The noun חרם (herem) may either refer to the act of designating something to the afterlife, or the item so designated. Perhaps a second but identical noun (or else this same noun) describes a fishing net. Such a net is of course an item with which fish are extracted from their natural economy and designated their afterlife.
But even if Adramytos is not Lydian for Hermon, it may still be Semitic, and rather consist of two familiar Hebrew elements, the first of which would be the verb אדר ('adar), meaning to be majestic:
אדר
The verb אדר ('adar) means to be superior or majestic (or literally: wide). Noun אדר ('eder) means glory or magnificence, or may refer to a wide cloak.

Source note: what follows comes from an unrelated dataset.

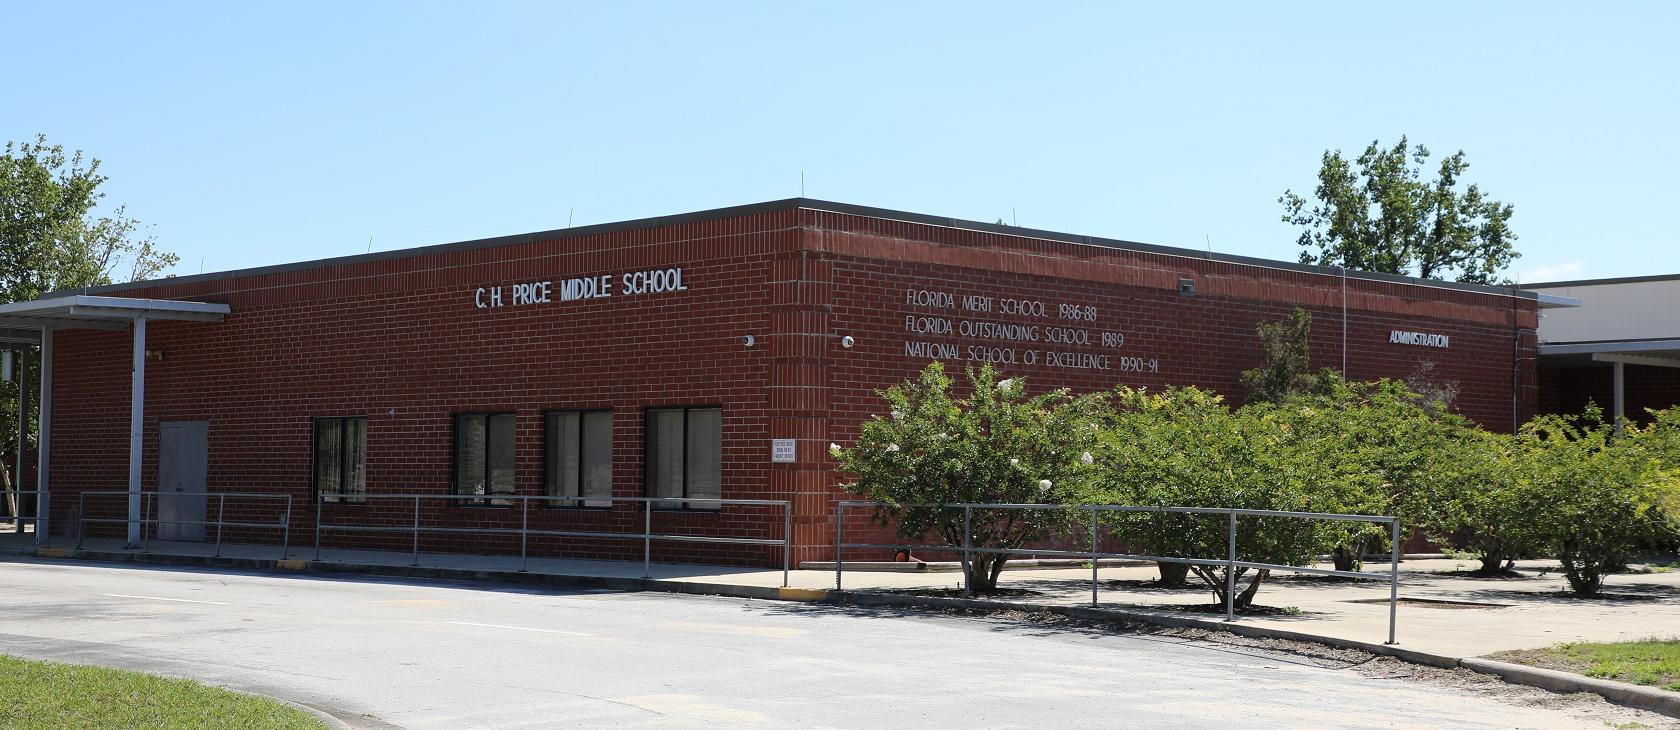 C H Price Middle School

Adjective אדיר ('addir) means majestic. Noun אדרת ('aderet) means glory.
The second part of our name is considerably darker: מות (mut), meaning to die or to kill:
מות
The verb מות (mut) means to die or kill. Nouns מות (mawet), ממות (mamot), and תמותה (temuta) mean death. In a theology that operated perpendicularly upon that which worshipped life, death was venerated under the names Mot and Mawet.
The noun מת (mat) is a word for man, and particularly a man capable of combat and exerting death.
🔼Adramyttium meaning
The meaning of our name, that is to say: the function of our name as a character in the narrative, obviously has more to do with historical associations than with proper etymology. Adramyttium is the City of the Non-Successive Son of the King Who Invented Money. Adramytos' brother Croesus succeeded the king, so as characters in an allegory, Adramytos probably embodies the Central Bank to Croesus' capitalistic government.
But formally, the name Adramytos may very well be a Hellenized version of a Semitic name Adar Mut, which combines two known theonyms (also very common in Semitic cultures): both Adar and Mut (or Mot or Mawet) were known Semitic deities, and in Egypt, a goddess named Mut was worshipped. But since Adar means majestic, and Mut means death, our name may also mean Majestic Death or even Death's Cloak — and note that the name Troy means "Of Tros", and obviously associates with the noun τρωσις (trosis), wound, from the verb τρωω (troo), to wound.